Discriminant Analysis for Principal Components, (DAPC), was performed on the three datasets in order to determine which other differentially - methylated genes (with difference in mean methylation value > 0.15), behaved comparably to the subset of genes, used for detailed analysis. The larger difference in mean methylation value is chosen here, because we are ultimately searching for and characterising potential marker candidates, which clearly differentiate cancer from non-cancer. For the three datasets, 1260, 792 and 859 differentially methylated genes, respectively, are found, with an overlap of 613 genes. DAPC separates the small initial subset of genes into seven clusters (g1-g7) for D1 and D2 and six gene clusters (g1-g6) for D3. The gene clustes are projected onto the plane defined by the first two discriminant functions (DF). The seventh gene cluster (g7) is very small hence the following discussion refers only to the first six gene clusters. The remaining genes in the full set were then projected onto the same plane, with each assigned to one of the gene clusters.
In general, DAPC shows that, despite some overall similarities, the three datasets exhibit considerable differences in detail. In Fig. 5, projections onto the DF1/DF2 - plane, defined by the initial gene subset analysis, (see Materials and Methods), are shown for the remaining genes from D1-D3. Any two gene clusters in different datasets are assigned the same annotation if their relative location on the plane is the same. Fig. 6 shows, the variability of the gene methylation values, for each gene cluster (g) in each dataset, across the four tumour tissue clusters, (c1-c4). The gene clusters (g1-g7) range from that associated with rather uniform methylation pattern across both tumours and healthy-looking tissues (extreme left in Fig. 5) to that associated with high methylation profiles in a reduced group of tumours (extreme right in Fig. 5). Incidence of tumours with high methylation decreases from g6 to g1, (Figs. 5 and 6). The overall gene localisation within gene clusters is very similar across the datasets, with most differences occurring in genes clusters at the far right, (Fig. 5).

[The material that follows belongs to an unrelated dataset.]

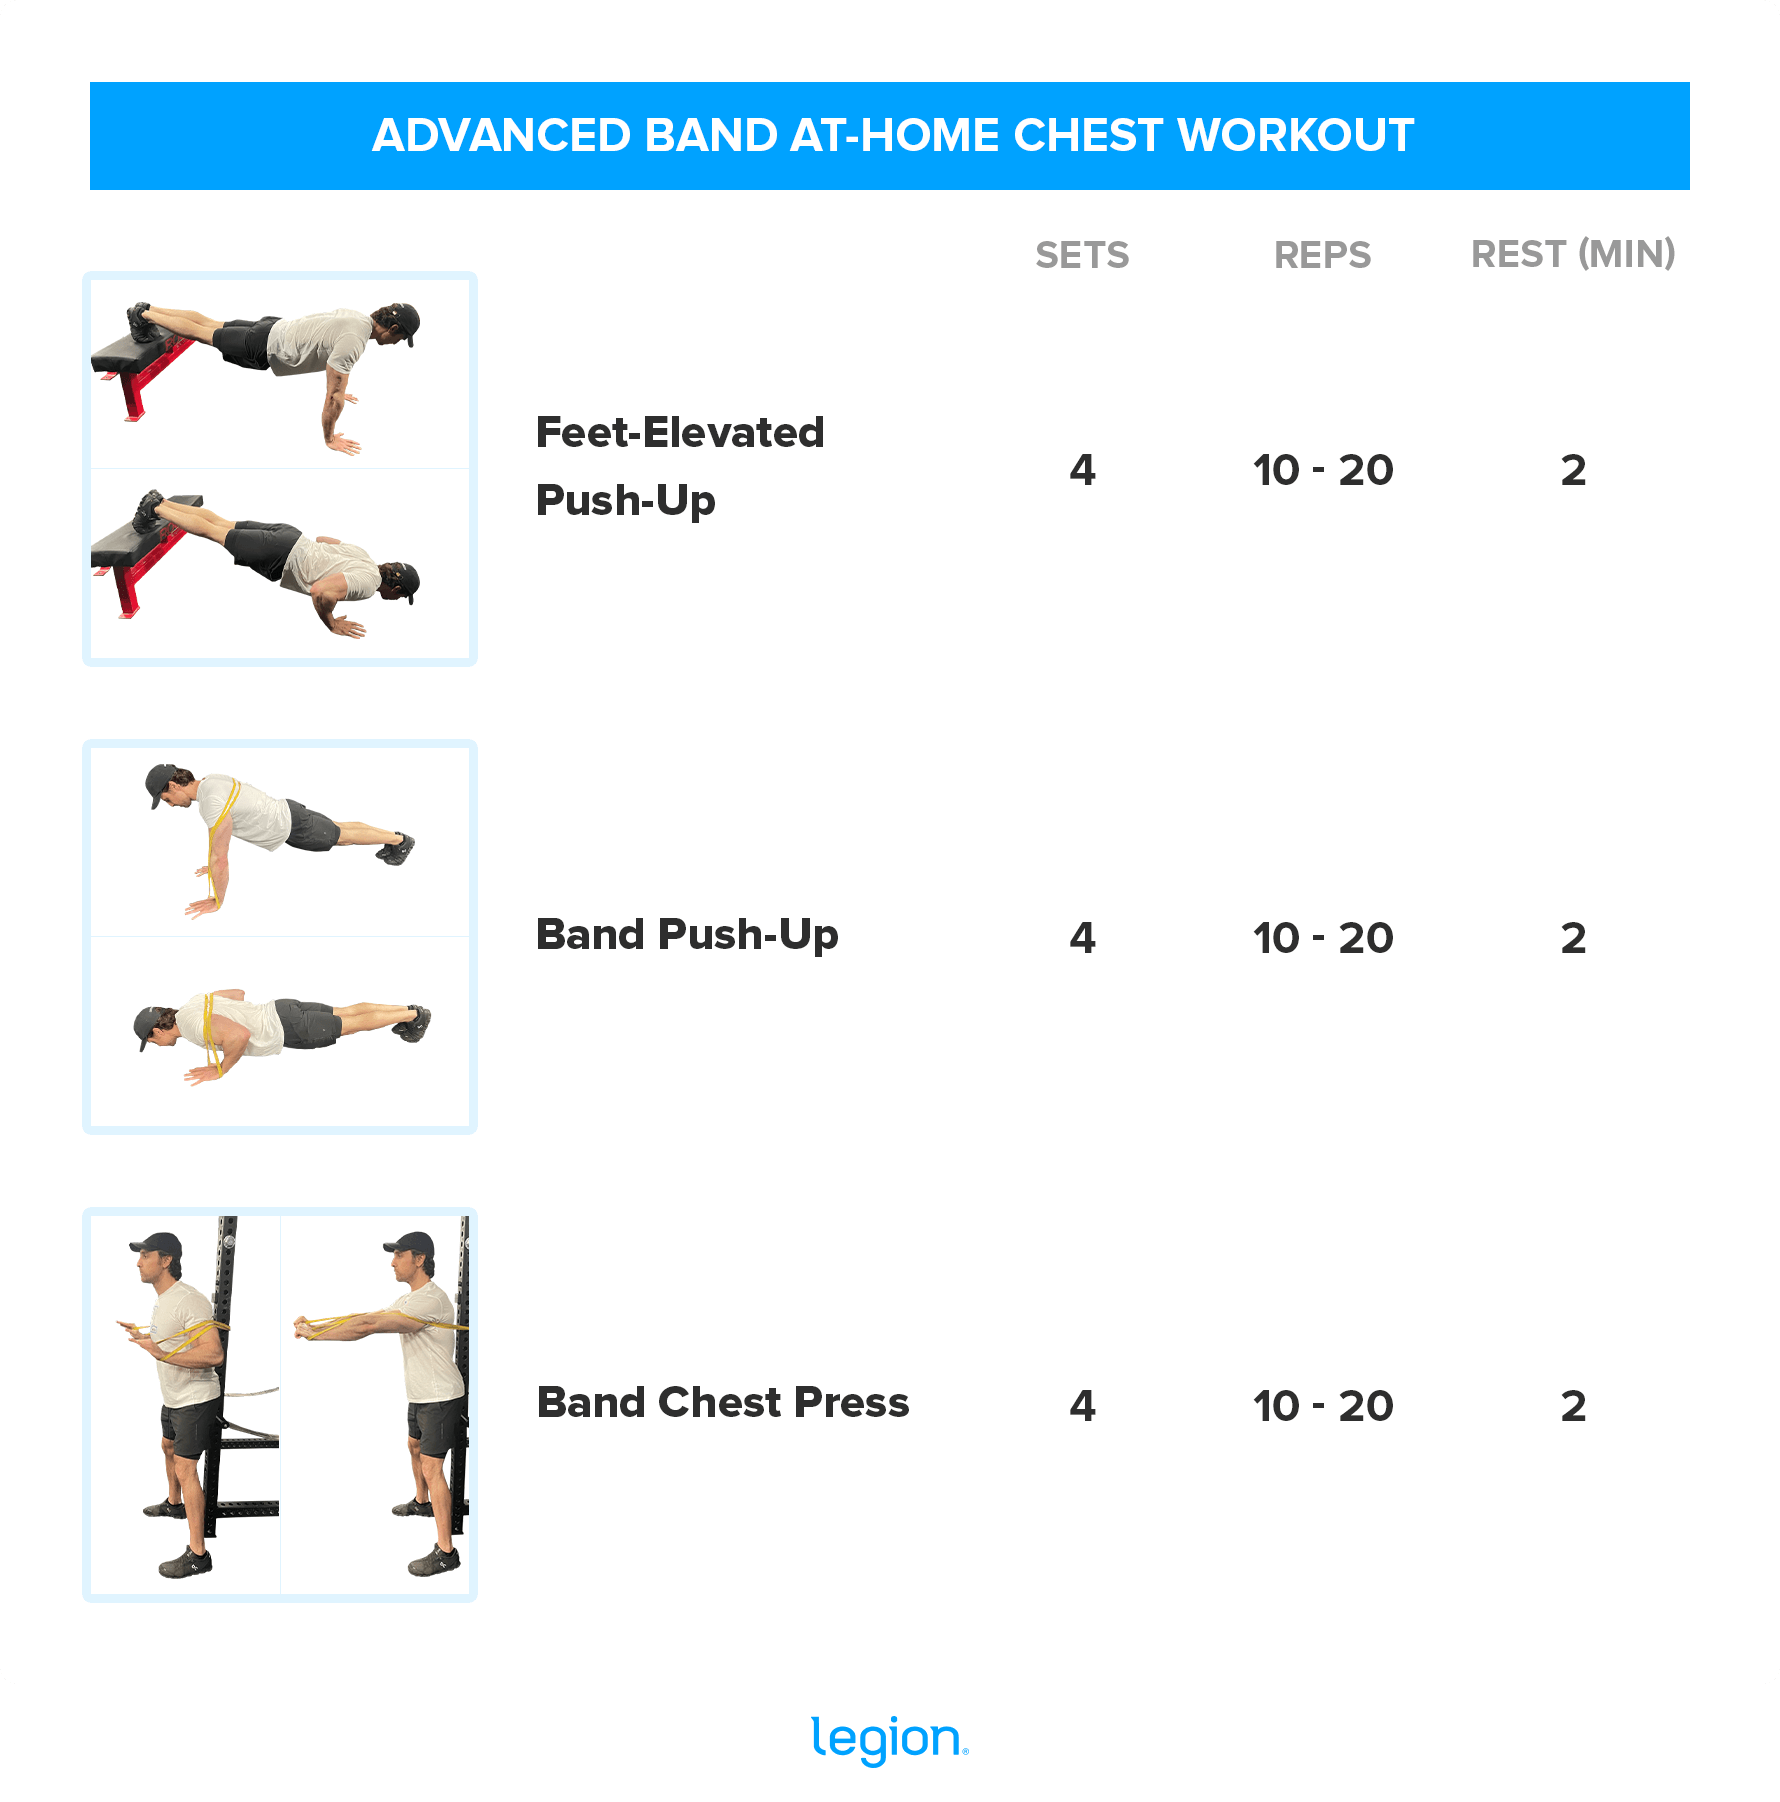 ADVANCED BAND AT-HOME CHEST WORKOUT

Principal Component (PC) Analysis on D1. Showing a) PC1 and PC2, with dots representing the projections of the tissues on the plane defined by PC1 and PC2. The different tissue groupings pre-labelled from c1 to c4 and 'adj' correspond to the separation into clusters, obtained with Bayesian Clustering (BC). The tissue projection onto the principal components gives clear agreement with BC cluster separation. b) PC2 and PC3. Tissue samples are represented by dots and genes by labelled arrows. Spatial proximity between arrows suggests that the corresponding genes have similar methylation profiles. Length of arrows is proportional to the importance of the respective gene to the tissue clustering. Proximity of an arrow to a cluster of dots represents the fact that the corresponding gene is important for the formation of this cluster of tissues. Again, c1 to c4 and 'adj' groupings correspond to the subclusters obtained in the previous BC analysis.
Principal Component (PC) Analysis on D3. Showing a) PC1 and PC2, with tissue-type clusters clearly shown and in agreement with Bayesian Clustering (BC) and b) PC2 and PC3. Tissue samples are represented by dots and genes by labelled arrows. The c1 to c4 and 'adj' groupings correspond to the subclusters obtained in the previous BC analysis.

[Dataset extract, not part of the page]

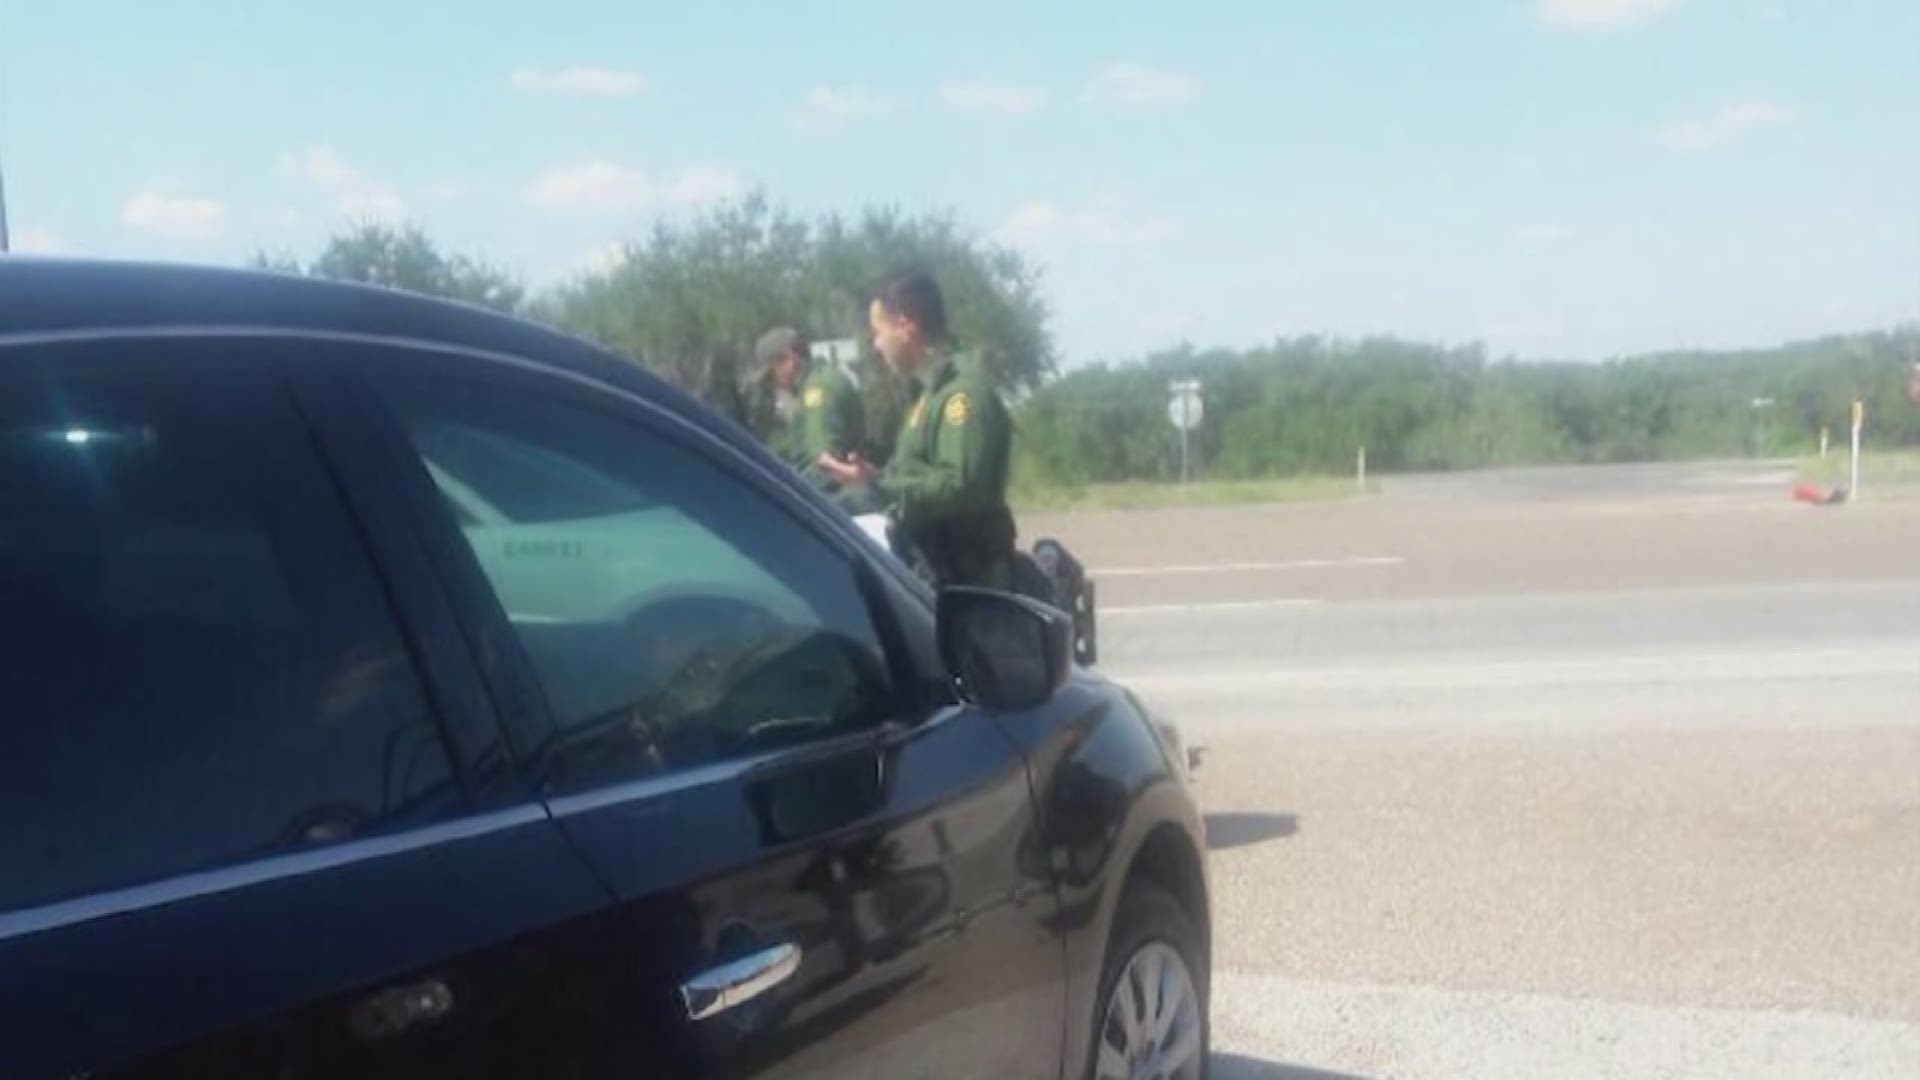 A DACA recipient and a U.S. citizen were held at a checkpoint in South Texas and threatened with criminal charges by Border Patrol for trying to travel to San Antonio from the Rio Grande Valley.

DAPC (Discriminant Analysis based on Principal Component Analysis). Performed on D1, D2 and D3 respectively (GEO datasets). Key: Large shaded circles correspond to genes from the initial subset list. Small symbols indicate membership to different gene clusters, as determined by the discriminant functions, for the rest of the genes from the respective datasets. Resulting gene-clusters with similar relative locations on the plan, are annotated from 1 to 7 in the three datasets. Thus gene-cluster g4 here implies that member-genes have a similar position on the plan relative to the other gene clusters across the 3 datasets. Gene cluster 7 is very small hence is not considered in the subsequent discussion. Note how this time it is the genes which are projected on the plane defined by the first 2 discriminant functions (DF) (as opposed to the tissues being projected on the planes defined by the principal components (PC) in Fig. 3 and 4).

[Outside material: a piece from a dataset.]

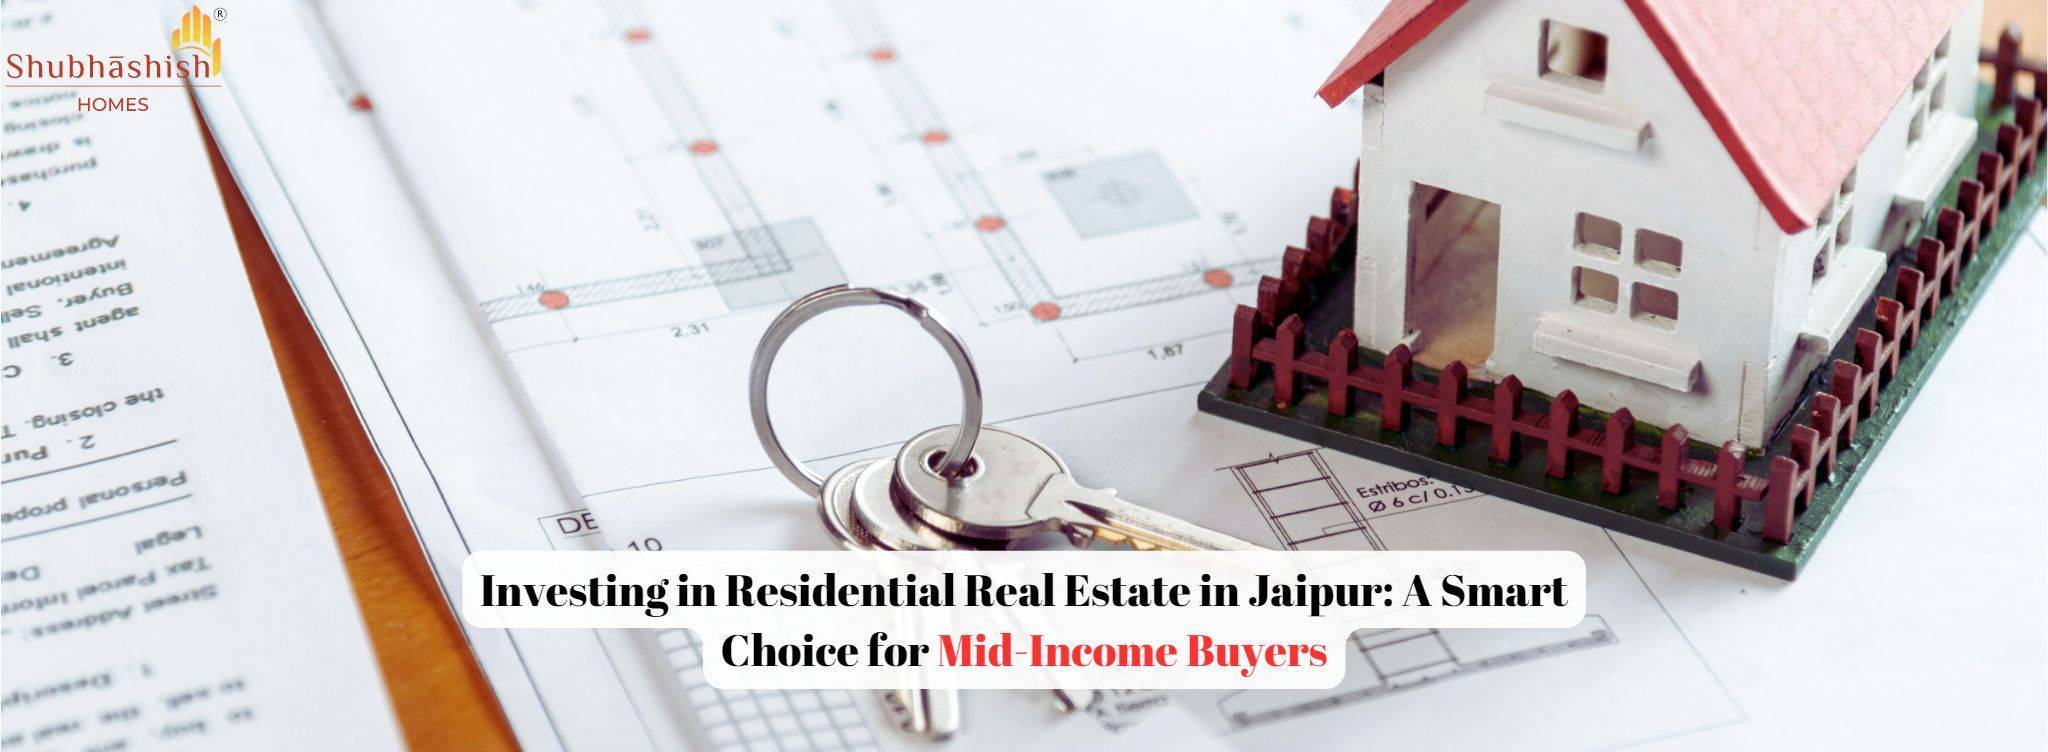 Investing in Residential Real Estate in Jaipur: A Smart Choice for Mid-Income Buyers

Gene methylation variability. Variability of gene methylation values across the four tissue clusters c1-c4 for each gene cluster and each dataset. In order to find a biological sense to the 6 main clusters of genes, determined by DAPC, we look at the average methylation levels across the four tissue clusters in each of the newly obtained gene cluster. Each row of boxplots refers to one of D1-D3 and each column refers to one gene cluster, g1-g6. Note how the mean methylation value and corresponding variance for adjacent healthy tissues and for cancer tissues from c2 to c4 increase with gene cluster number g1-g6 across the three datasets.
D1 is obviously richer than D3 in those genes, which are highly methylated in a limited group of individuals (CIMP-high): (note the red dots to the far right in g1). In this gene cluster, for both D1 and D3, genes exhibit quite unique methylation profiles. Supplementary Table S3 shows the overlap between datasets for each gene cluster, with most of this due to genes from the centre of the cloud, (g4, Fig. 5 a-c), as well as the overlap found between D1 and D2, D1 and D3 and D2 and D3 separately.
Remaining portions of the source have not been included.